Segment Open

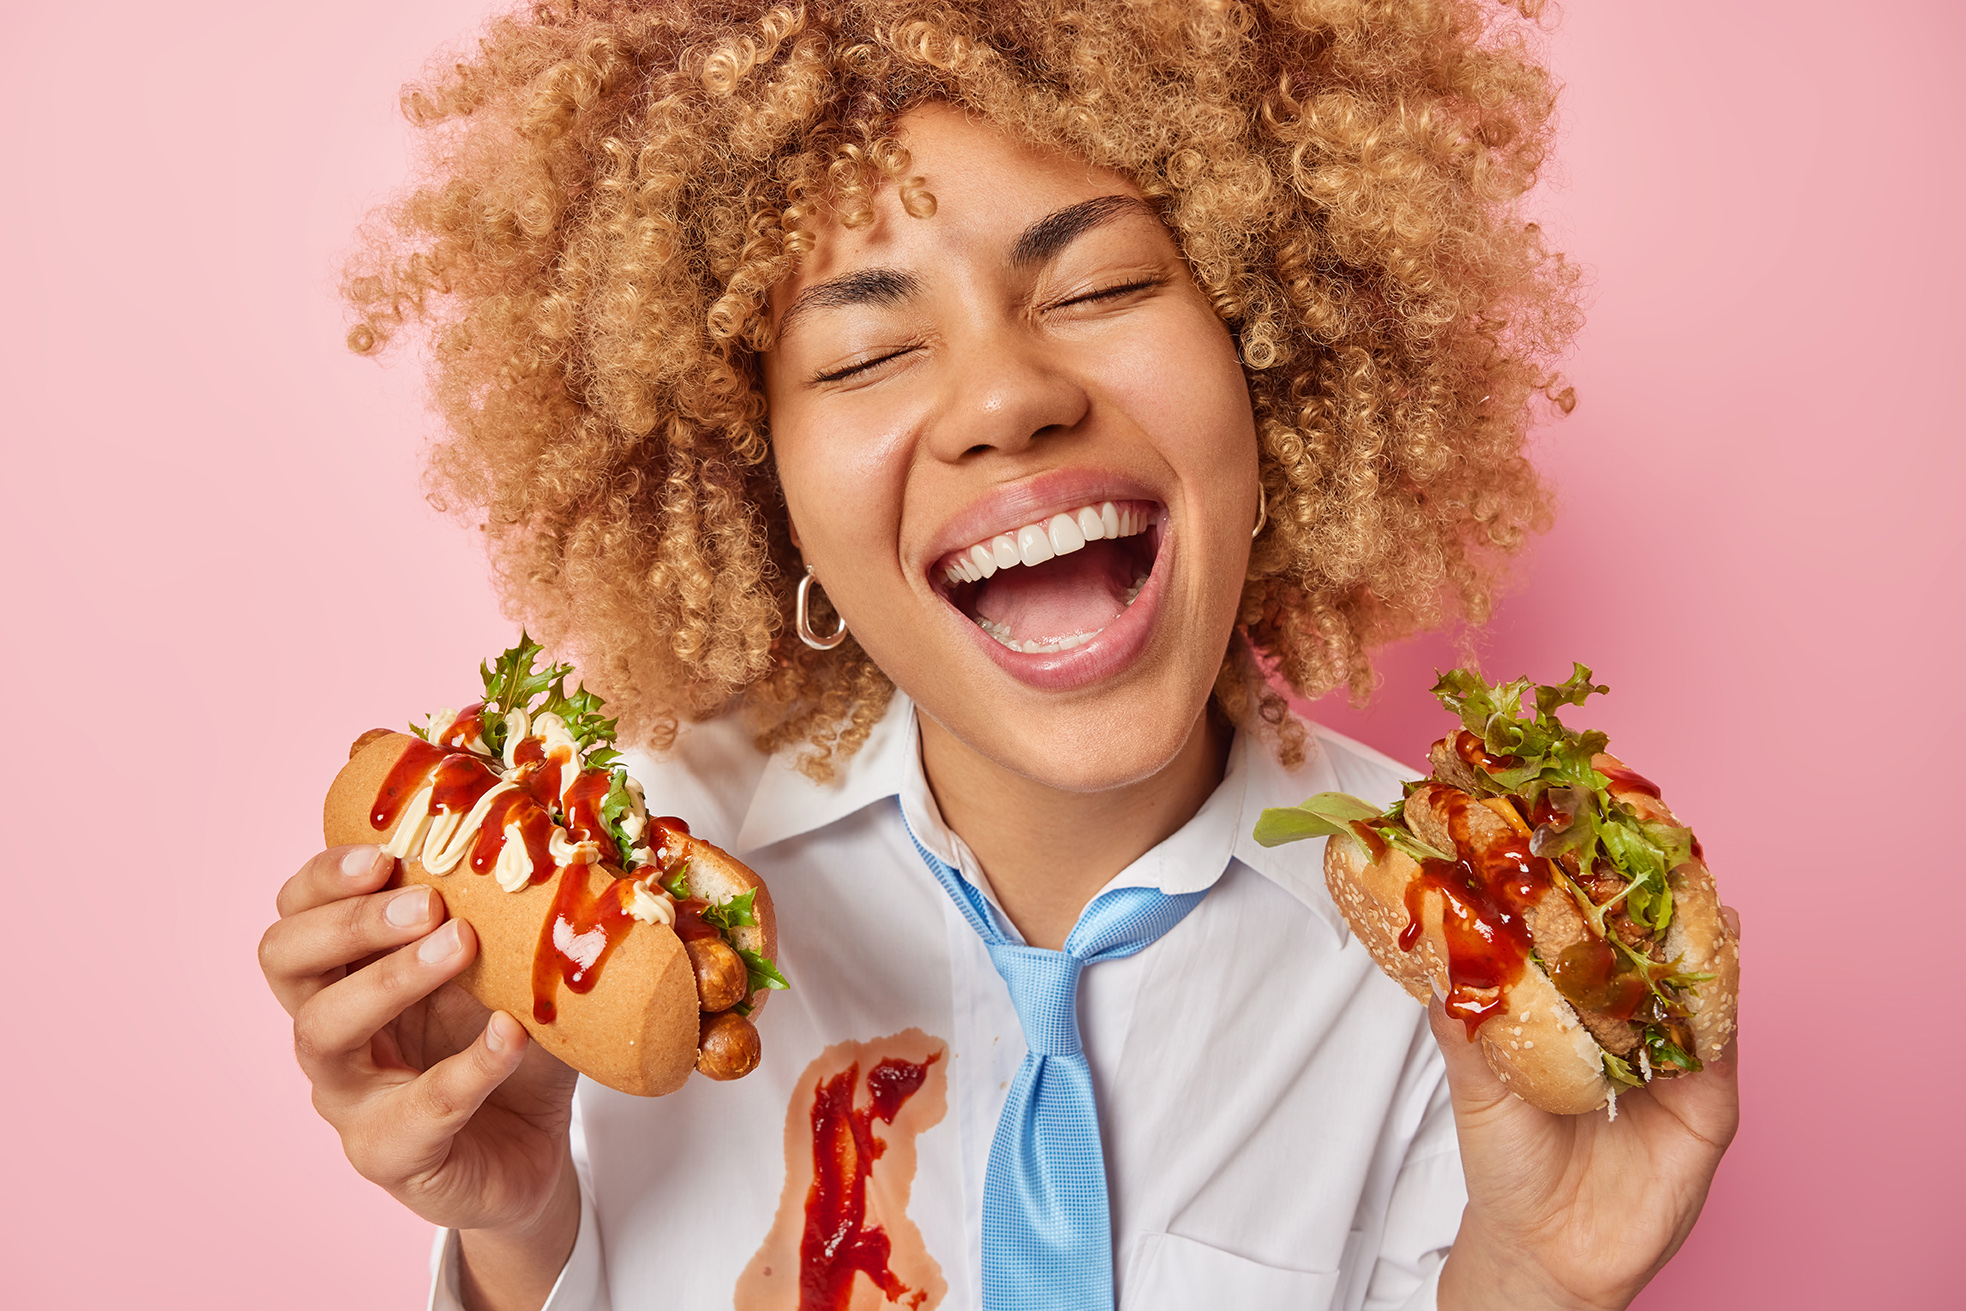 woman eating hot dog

Segment Closed
Segment Open

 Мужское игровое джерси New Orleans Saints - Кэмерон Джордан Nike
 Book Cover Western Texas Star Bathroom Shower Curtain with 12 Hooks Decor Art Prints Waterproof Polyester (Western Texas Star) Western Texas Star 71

Segment Closed
Segment Open

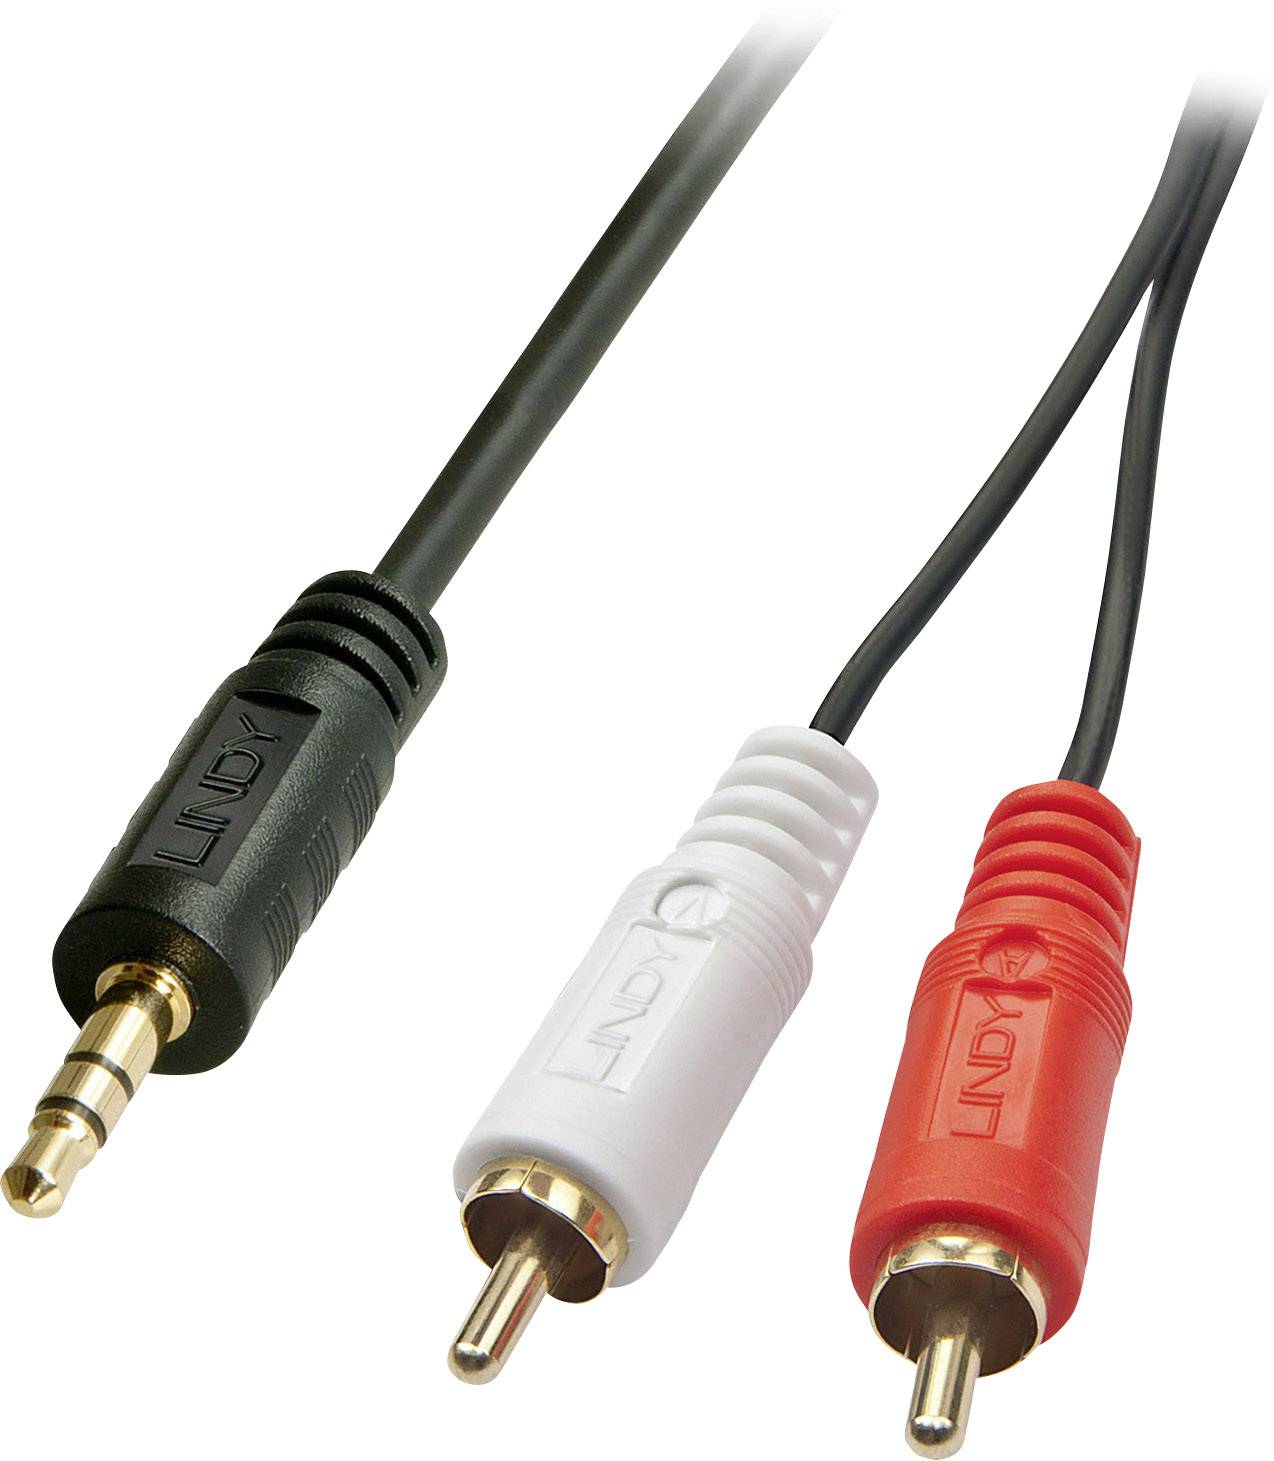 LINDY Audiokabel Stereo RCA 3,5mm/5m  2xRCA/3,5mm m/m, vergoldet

Segment Closed

What to do: Return only the part of the records above that opens with the line containing "Мужское игровое джерси" and closes with the line containing "Book Cover Western", ends included.

Answer to the problem:
 Мужское игровое джерси New Orleans Saints - Кэмерон Джордан Nike
 Book Cover Western Texas Star Bathroom Shower Curtain with 12 Hooks Decor Art Prints Waterproof Polyester (Western Texas Star) Western Texas Star 71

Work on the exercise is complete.